• [TASK ITEM] Print the lines from the one containing "#InternYazaki Social Campaign" through the end of the material below, both included, exactly as they appear and without pictures.

• [SUPPLIED DATA]
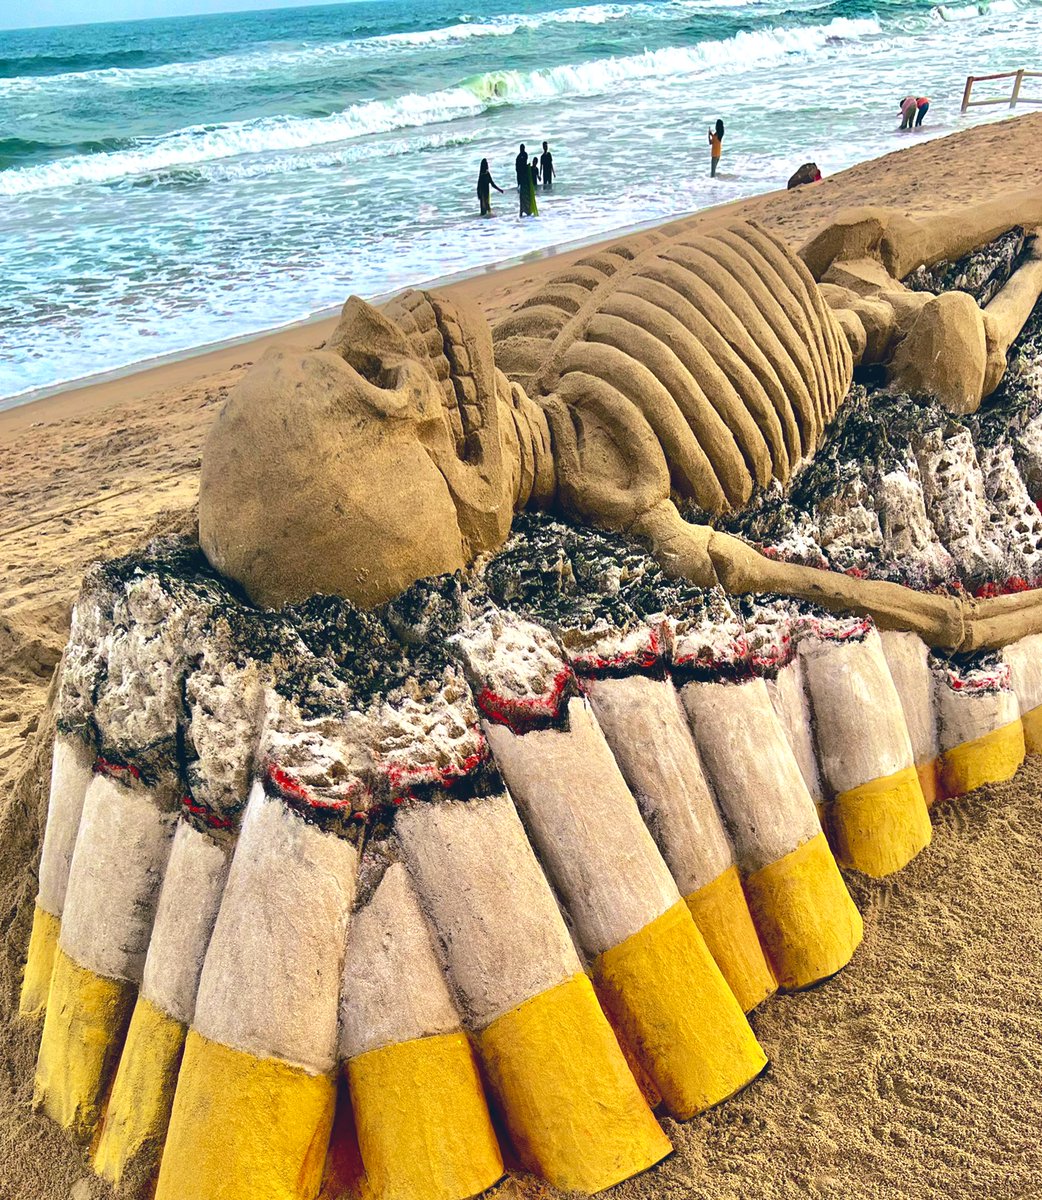 On the occasion of #WorldNoTobaccoDay. My SandArt at Puri beach in Odisha, India 
Say #NoTobacco 🚭
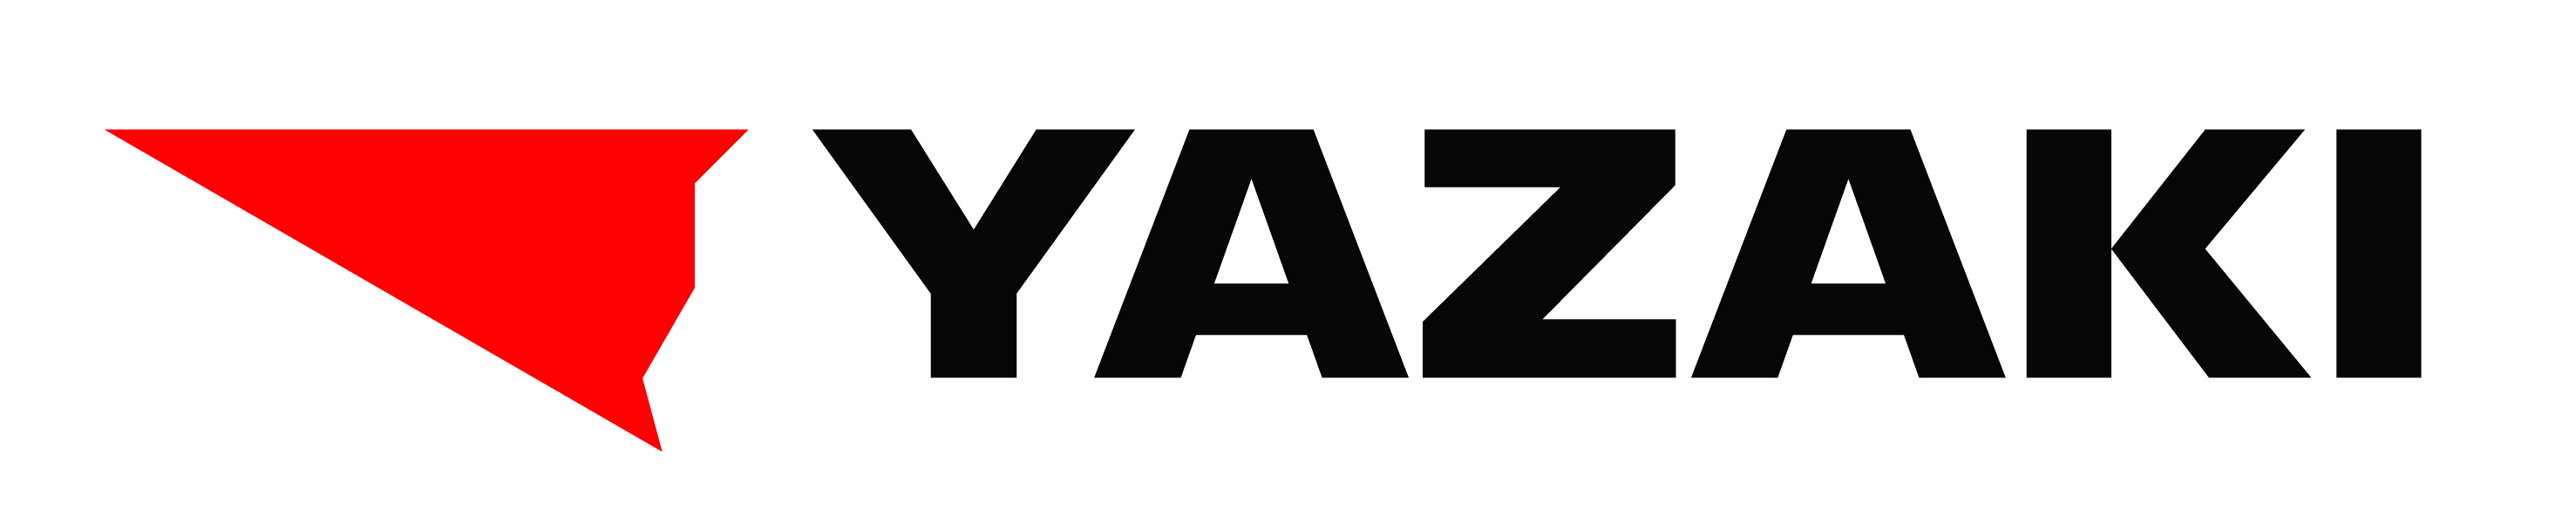 #InternYazaki Social Campaign - Logo - https://s41078.pcdn.co/wp-content/uploads/2018/11/User-Generated-Content.jpg
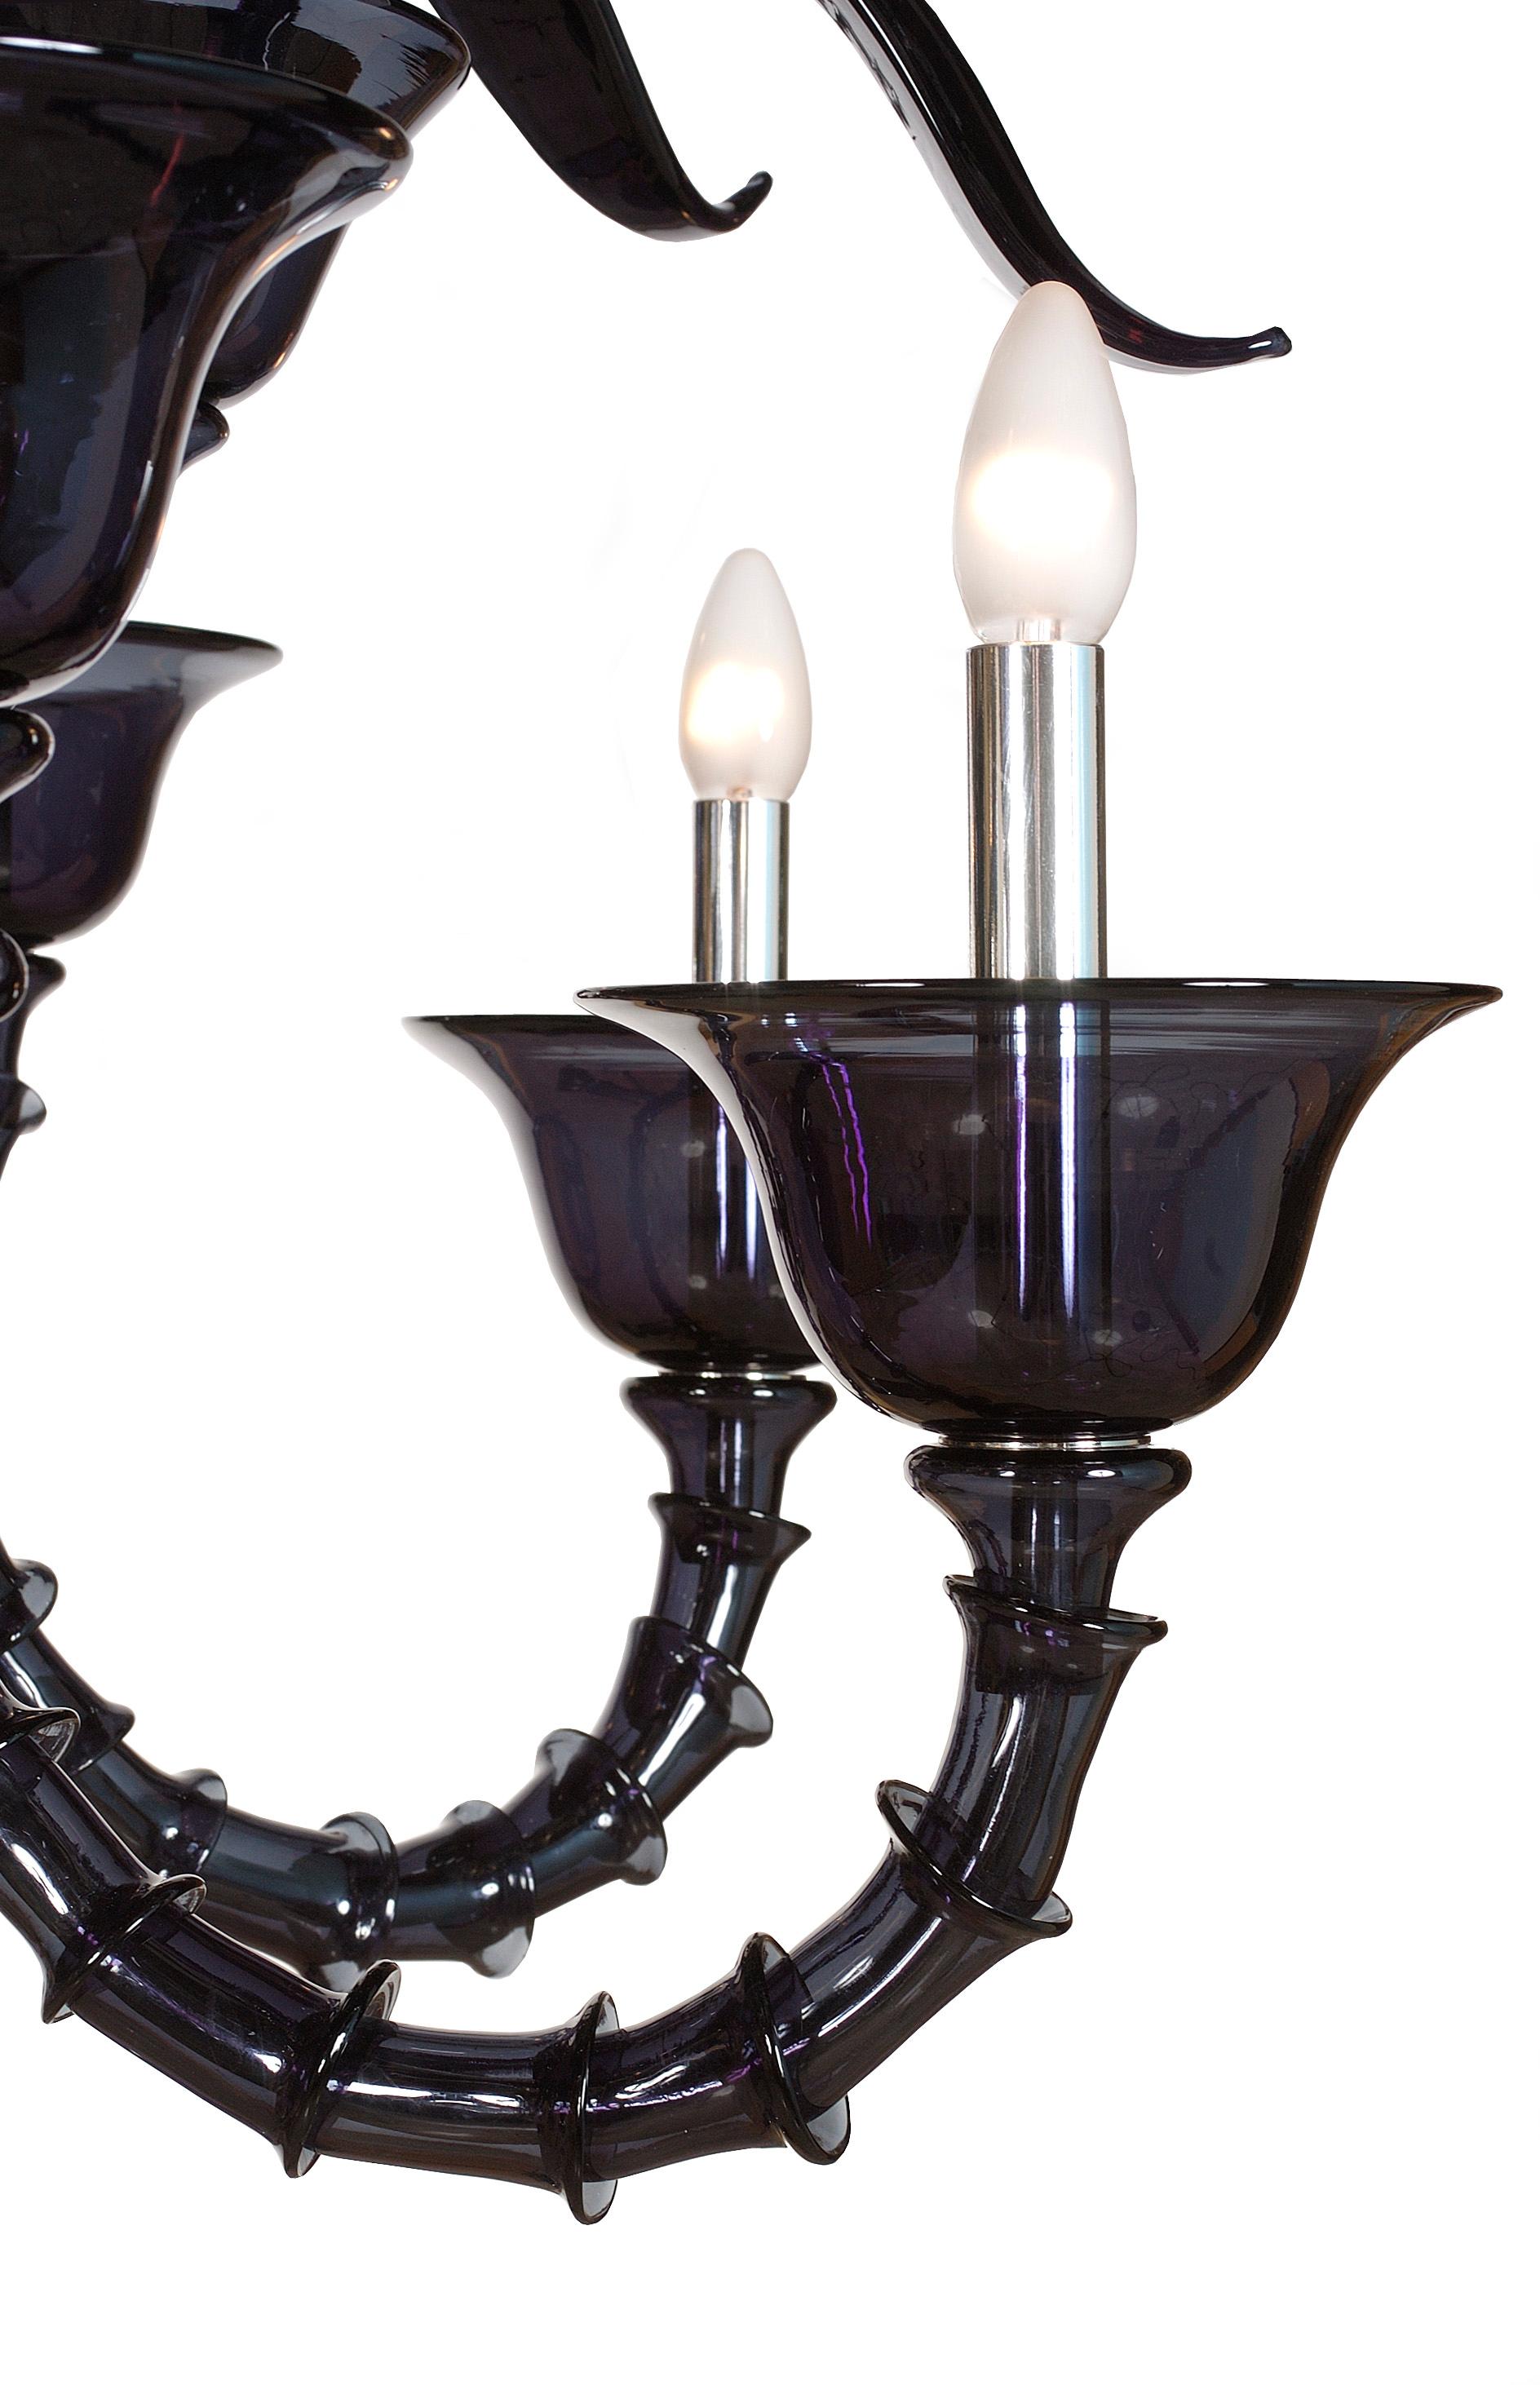 Modern Artistic Handmade Design Ca' Rezzonico New York Murano Glass Chandelier For Sale

• [WRITTEN RESPONSE]
 #InternYazaki Social Campaign - Logo - https://s41078.pcdn.co/wp-content/uploads/2018/11/User-Generated-Content.jpg
 Modern Artistic Handmade Design Ca' Rezzonico New York Murano Glass Chandelier For Sale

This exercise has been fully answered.